There is no auth isolation from other timelines of the same tenant,
but a non-rogue client never accesses another timeline even by an accident:
timeline IDs are random and hard to guess.

#### Incoming connections
All incoming connections are from PostgreSQL clients.
Their authentication is just plain PostgreSQL authentication and out of scope for this document.

There is no administrative API except those provided by PostgreSQL.

#### Outgoing connections
Compute connects to Pageserver for getting pages. The connection string is
configured by the `neon.pageserver_connstring` PostgreSQL GUC,
e.g. `postgresql://no_user@localhost:15028`. If the `$NEON_AUTH_TOKEN`
environment variable is set, it is used as the password for the connection. (The
pageserver uses JWT tokens for authentication, so the password is really a
token.)

Compute connects to Safekeepers to write and commit data.

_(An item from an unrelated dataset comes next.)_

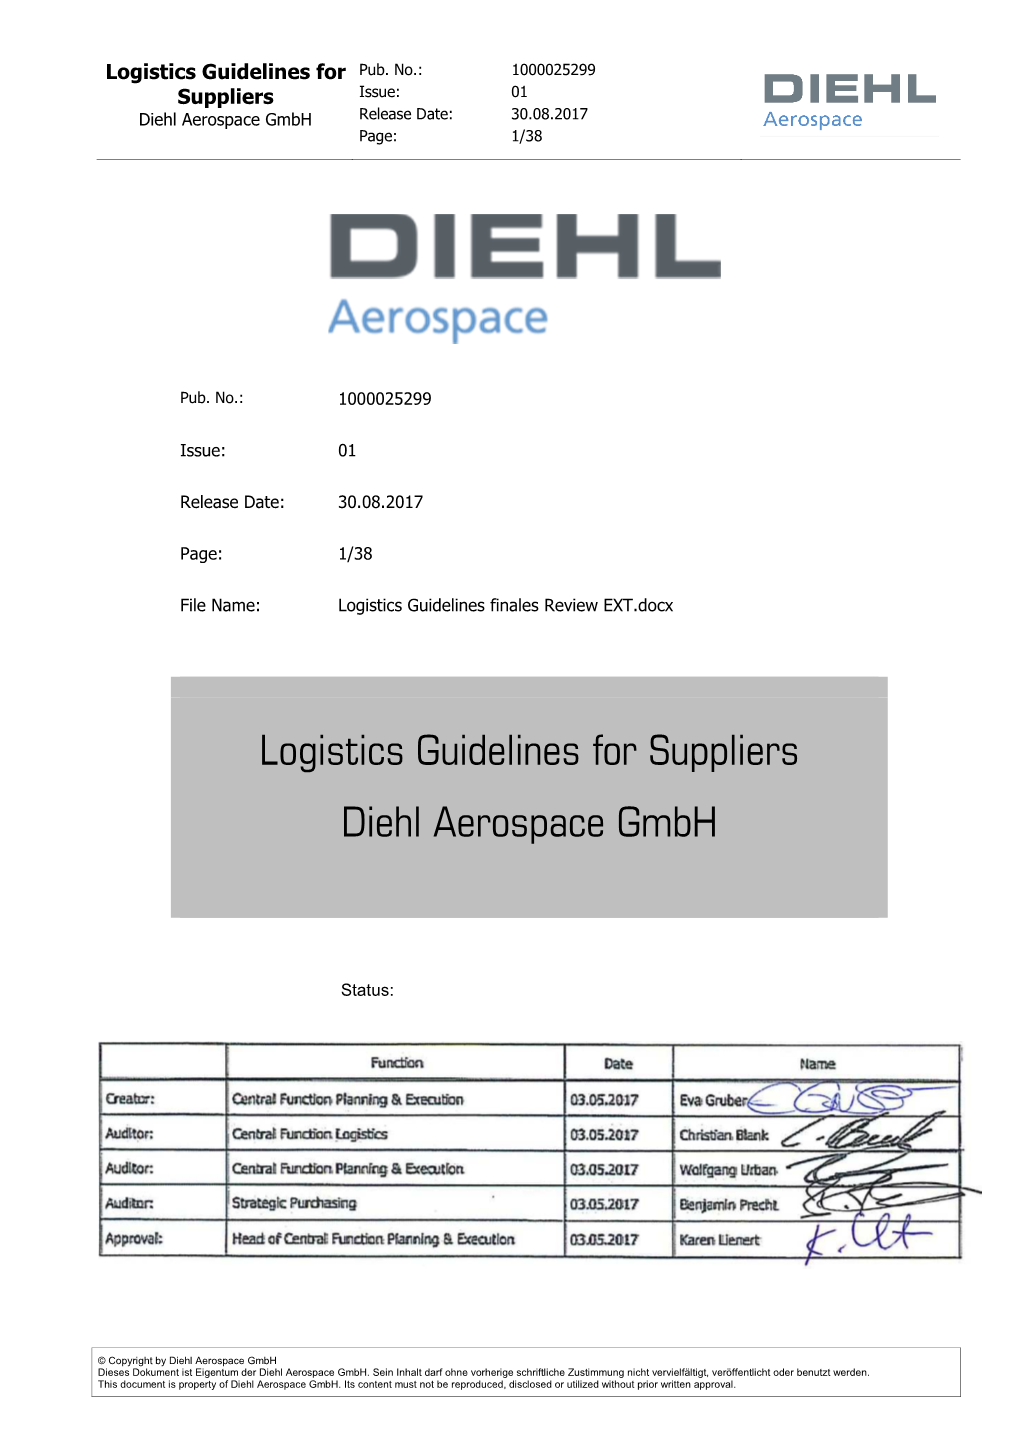 Logistics Guidelines for Suppliers Diehl Aerospace Gmbh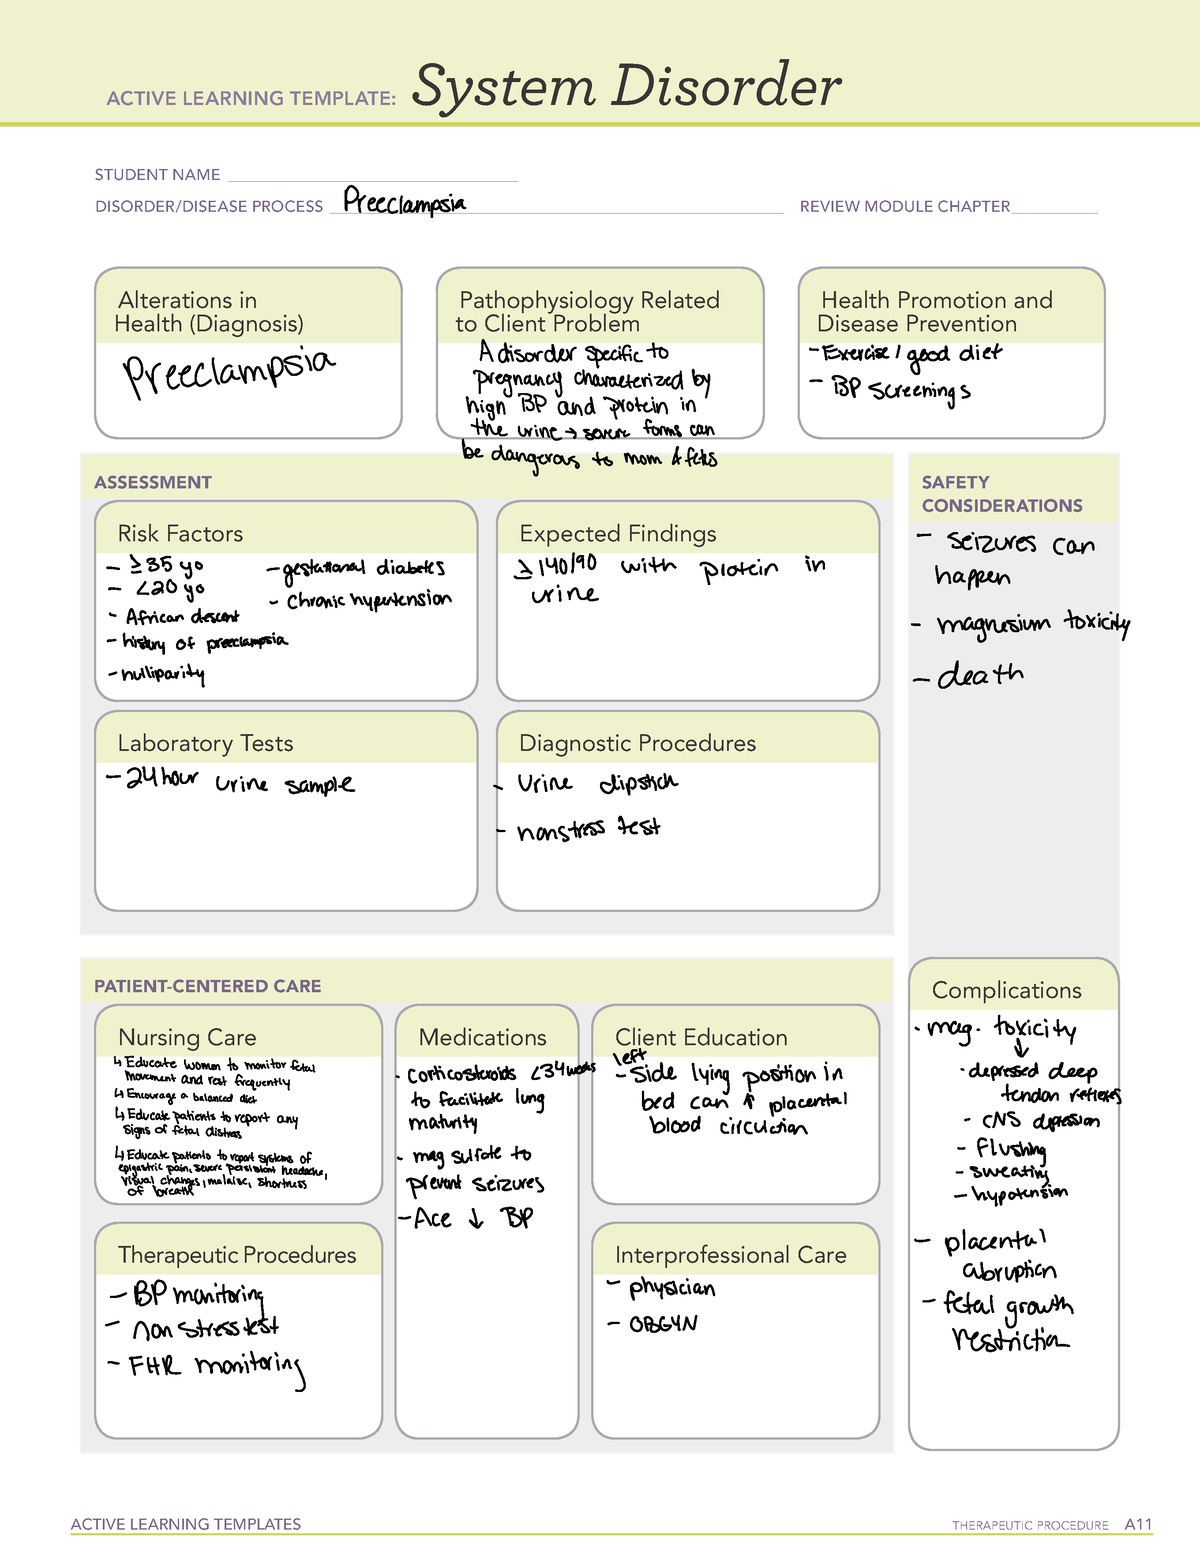 ATI Preeclampsia system disorder ACTIVE LEARNING TEMPLATES

The list of safekeeper
addresses is given in the `neon.safekeepers` GUC. The connections to the
safekeepers take the password from the `$NEON_AUTH_TOKEN` environment
variable, if set.

The `compute_ctl` binary that runs before the PostgreSQL server, and launches
PostgreSQL, also makes a connection to the pageserver. It uses it to fetch the
initial "base backup" dump, to initialize the PostgreSQL data directory. It also
uses `$NEON_AUTH_TOKEN` as the password for the connection.

### Pageserver
#### Overview
Pageserver keeps track of multiple tenants, each having multiple timelines.
For each timeline, it connects to the corresponding Safekeeper.
Information about "corresponding Safekeeper" is published by Safekeepers
in the storage_broker, but they do not publish access tokens, otherwise what is
the point of authentication.

Pageserver keeps a connection to some set of Safekeepers, which
may or may not correspond to active Computes.
Hence, we cannot obtain a per-timeline access token from a Compute.
E.g. if the timeline's Compute terminates before all WAL is
consumed by the Pageserver, the Pageserver continues consuming WAL.

Pageserver replicas' authentication is the same as the main's.

#### Incoming connections
Pageserver listens for connections from computes.
Each compute should present a token valid for the timeline's tenant.

Pageserver also has HTTP API: some parts are per-tenant,
some parts are server-wide, these are different scopes.

Authentication can be enabled separately for the HTTP mgmt API, and
for the libpq connections from compute. The `http_auth_type` and
`pg_auth_type` configuration variables in Pageserver's config may
have one of these values:

* `Trust` removes all authentication.
* `NeonJWT` enables JWT validation.
   Tokens are validated using the public key which lies in a PEM file
   specified in the `auth_validation_public_key_path` config.

#### Outgoing connections
Pageserver makes a connection to a Safekeeper for each active timeline.
As Pageserver may want to access any timeline it has on the disk,
it is given a blanket JWT token to access any data on any Safekeeper.
This token is passed through an environment variable called `NEON_AUTH_TOKEN`
(non-configurable as of writing this text).

A better way _may be_ to store JWT token for each timeline next to it,
but may be not.

### Safekeeper
#### Overview
Safekeeper keeps track of multiple tenants, each having multiple timelines.

#### Incoming connections
Safekeeper accepts connections from Compute/Pageserver, each
connection corresponds to a specific timeline and requires
a corresponding JWT token.

Safekeeper also has HTTP API: some parts are per-tenant,
some parts are server-wide, these are different scopes.

The `auth-validation-public-key-path` command line options controls
the authentication mode:

* If the option is missing, there is no authentication or JWT token validation.
* If the option is present, it should be a path to the public key PEM file used for JWT token validation.

#### Outgoing connections
No connections are initiated by a Safekeeper.

### In the source code
Tests do not use authentication by default.
If you need it, you can enable it by configuring the test's environment:

```python
neon_env_builder.auth_enabled = True
```

You will have to generate tokens if you want to access components inside the test directly,
use `AuthKeys.generate_*_token` methods for that.
If you create a new scope, please create a new method to prevent mistypes in scope's name.